Jean XXIII posait donc bien les conditions de la paix dans le tréfonds même de la conscience humaine, faisant appel à l'esprit de chaque homme, lui rendant ainsi son individualité et son unicité en tant que personne libre mais aussi responsable.
Par delà ce qui précède, on notera que Jean Paul II insiste à de nombreuses reprises dans ses messages à l’occasion des Journées mondiales de la Paix, sur la nécessité de l’éducation comme source de la dite Paix, rejoignant ainsi Clément d’Alexandrie qui écrivait que c’est l’éducation, non la nature, qui le plus souvent rend vertueux (Stromates, I , 6).
Rien de nouveau finalement, car ces critères sont traditionnels depuis saint Augustin, si ce n'est qu'il sont enfin mis en perspective. Ce qui est nouveau, c'est la vision nouvelle ouverte par Jean XXIII, puis Jean-Paul II, dans la suite de l'influence de Taparelli d'Azeglio depuis Pie IX. La vision est inversée, sans rupture cependant, par évolution positive, car la théologie de la paix ne cherche plus seulement à encadrer la guerre, à la limiter, à la rendre plus juste et plus humaine ; elle est désormais critique radicale de la guerre, et cela conduit à réinterpréter la doctrine de la guerre juste qui n'est plus guerre mais résistance collective contre l'agression, ce qui est tout autre chose ! Néanmoins, l’élaboration de cette doctrine a parfois donné lieu à certains excès, par exemple lors de la Guerre d’Algérie, certains y voyant une justification du terrorisme aveugle… Et il est bien évident que cette idée même de résistance doit être encadrée éthiquement afin de ne pas ouvrir une boîte de Pandore permettant de tout justifier.

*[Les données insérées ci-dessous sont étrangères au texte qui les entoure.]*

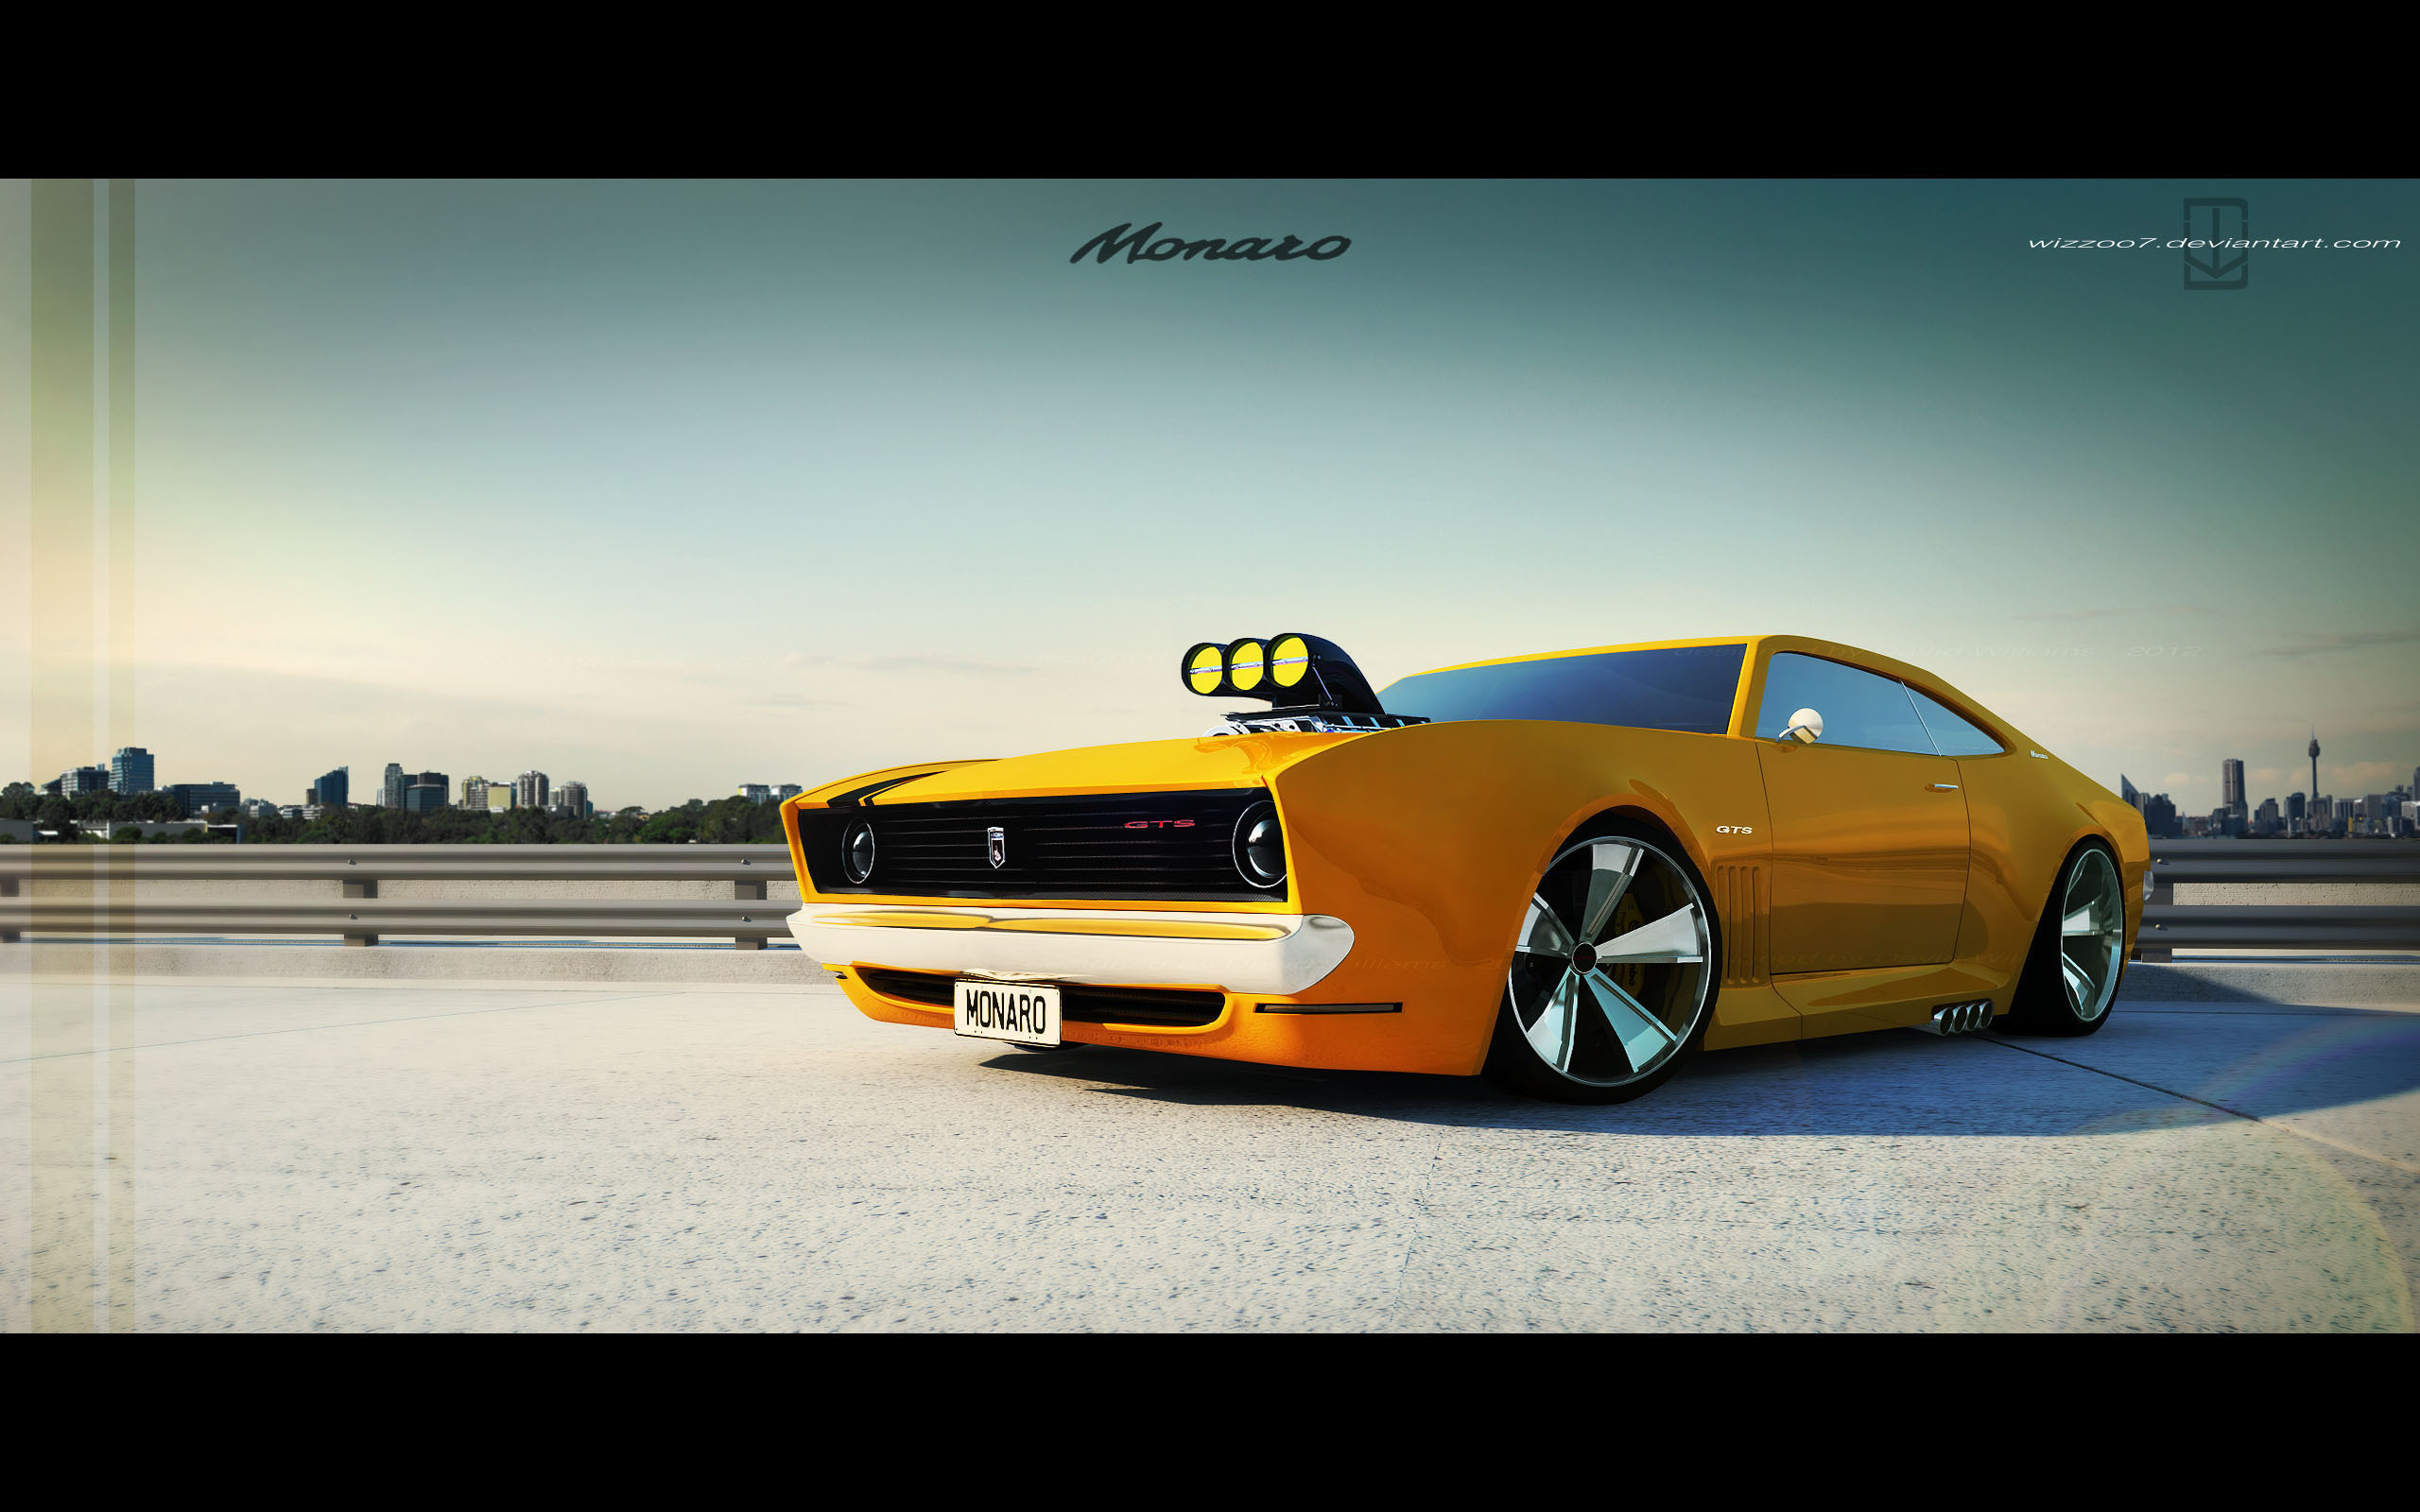 Hot Rod Tuning Muscle Cars Hd - HD Wallpaper

Cette théologie de la juste défense n'est pas recul mais progrès, insistant sur le refus des motivations idéologiques ou d'intérêts, sur le principe de la solidarité internationale, etc…, la guerre ne devant en aucun cas être jugée comme nécessaire. Elle n'est qu'un ultima ratio, jamais une carte blanche comme l'écrivait Karl Barth. Elle ne peut donc s'inscrire que dans une logique de détresse, comme le disait Paul Ricoeur, et l'on rejoint ici à nouveau saint Augustin. Et c'est pour cela que l'on parle désormais plus de juste paix que de guerre juste et que se substitue à cette dernière l'idée de juste défense qui devient son héritière, ce qui interdit toute glorification de la guerre et admet la volonté de proclamer, comme le demande le Père Christian Mellon, que seule une perspective strictement défensive est désormais admissible, la justice ne se trouvant que dans la paix !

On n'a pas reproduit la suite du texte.